Home > European Vacation > Vienna: Musical toilets, a mob museum, and shopping for diamonds and fridge magnets

Vienna: Musical toilets, a mob museum, and shopping for diamonds and fridge magnets

July 17th, 2009

In our planning, Jeanne read somewhere that Vienna would be a disappointment, that it had gotten old and tired.

Well, old is fine, but tired it is not, and we can now see why it is one of the five most-visited cities on the planet. We heard that on our jump-on-and-off tour bus that we sat on for several hours Friday as the temperature pushed toward 100 degrees.

On the way to the bus tour, the girls needed to visit the WC (my new code for a potty stop). In the underground station we found the “Vienna Opera Toilet” and it played such lovely waltzes to attract customers (at 60 cents a visit) that everyone who walked by, even if they didn’t have to pee, still broke into a stuttering dance as if they had to.

Beyond the fancy pay toilets, Vienna is a very very very impressive city, for its palaces and parks (half the city is green space, one of the bus-tour recordings noted) and plazas and public buildings (among the many museums is the Museum of Crime and Law Enforcement, a name not nearly as endearing as Las Vegas’ Mob Museum). 

It’s a great place to shop, too.  Jeanne is on a march across Europe looking for the most fitting refrigerator magnets to mark our journey.  And  don’t know why, but it is very stressing for me.  Yes we are spending thousands of dollars on this trip but I can’t let go of the fact that a magnet that condenses all of a city’s scenes into a three-inch-by-two-inch magnet might cost 4.50 euro at one shop when we could have bought it two blocks earlier, at another cart, for 4.25.  Twenty-five cents, wasted!

It was with that sense of stingy spending, then, that Daughter discovered we were walking by a Tiffany jewelry store.
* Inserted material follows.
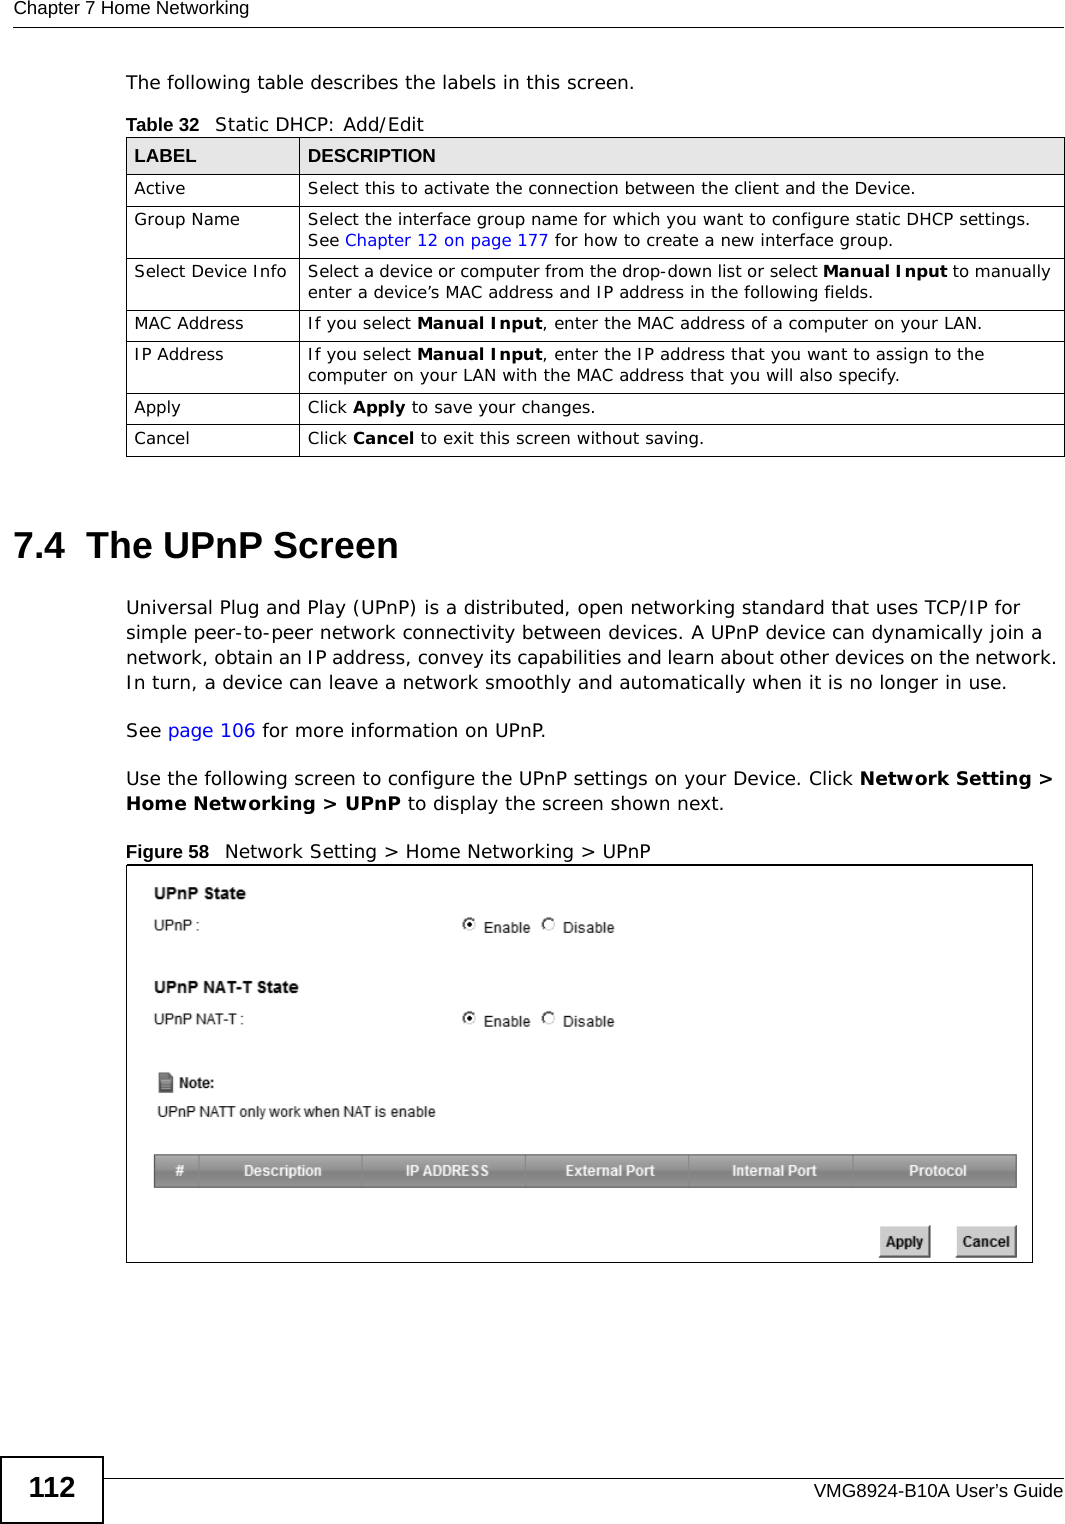 Chapter 7 Home NetworkingVMG8924-B10A User’s Guide112The following table describes the labels in this screen.7.4  The UPnP ScreenUniversal Plug and Play (UPnP) is a distributed, open networking standard that uses TCP/IP for simple peer-to-peer network connectivity between devices. A UPnP device can dynamically join a network, obtain an IP address, convey its capabilities and learn about other devices on the network. In turn, a device can leave a network smoothly and automatically when it is no longer in use.See page 106 for more information on UPnP.Use the following screen to configure the UPnP settings on your Device. Click Network Setting &gt; Home Networking &gt; UPnP to display the screen shown next.Figure 58   Network Setting &gt; Home Networking &gt; UPnPTable 32   Static DHCP: Add/EditLABEL DESCRIPTIONActive Select this to activate the connection between the client and the Device.Group Name Select the interface group name for which you want to configure static DHCP settings. See Chapter 12 on page 177 for how to create a new interface group.Select Device Info Select a device or computer from the drop-down list or select Manual Input to manually enter a device’s MAC address and IP address in the following fields.MAC Address If you select Manual Input, enter the MAC address of a computer on your LAN.IP Address If you select Manual Input, enter the IP address that you want to assign to the computer on your LAN with the MAC address that you will also specify.Apply Click Apply to save your changes.Cancel Click Cancel to exit this screen without saving.

This was suddenly relevant since the night before, Boyfriend had proposed to her at our campground in Vienna and her idea of a good time shifted from S’mores to solitaires.

We indulged Daughter, and I promised to talk Boyfriend-turned-Fiancé off the ledge with a few beers later in the day.

This was a nice Tiffany’s and the lovely staff made us feel welcomed. They must have profiled us as Class A prospects, what with our water bottles, cameras and Vegas sun visors. Real world travelers, the Gormans.

We were directed to the diamond collection upstairs and Daughter darted to the Legacy collection of engagement rings. The sales clerk looked quite pleased by Daughter’s homework. “Ah, this one has a 1.19-karat center stone. Nineteen thousand Euros, she said.

Boyfriend looked up to me. I saw him swallow hard. I waved him off, the kind of man-to-man signal: Don’t worry man, we’ll get out of here soon. Wal-mart has a fine collection of rings. And Kay’s at the mall. Every kiss begins with Kay.

I asked the sales clerk, Tanja, how she calms the nerves of boyfriends when their fiancés check out the merchandise and their eyes fall out of their sockets like they’re attached by Slinkys. “If we think we are close to a sale, that the young lady is serious, we bring out champagne,” she told me.  Huh.  That’s how they close deals in Vienna.

I made friends with Tanja, to buy time for Daughter to look at the rings, because she may never get this close to the Tiffany Legacy again. Tanja told me to say high to the Tiffany’s associates who, she assumes, have extended me fine service at the company store at the Bellagio, back home in Vegas.  Oh yeah, I said. Good friends, all.

We decided to move on. Boyfriend needed a beer.  But Daughter lagged behind, unwilling to leave the counter.

I told Fiancé that in 30 years, the wife will pore over kitchen magnets.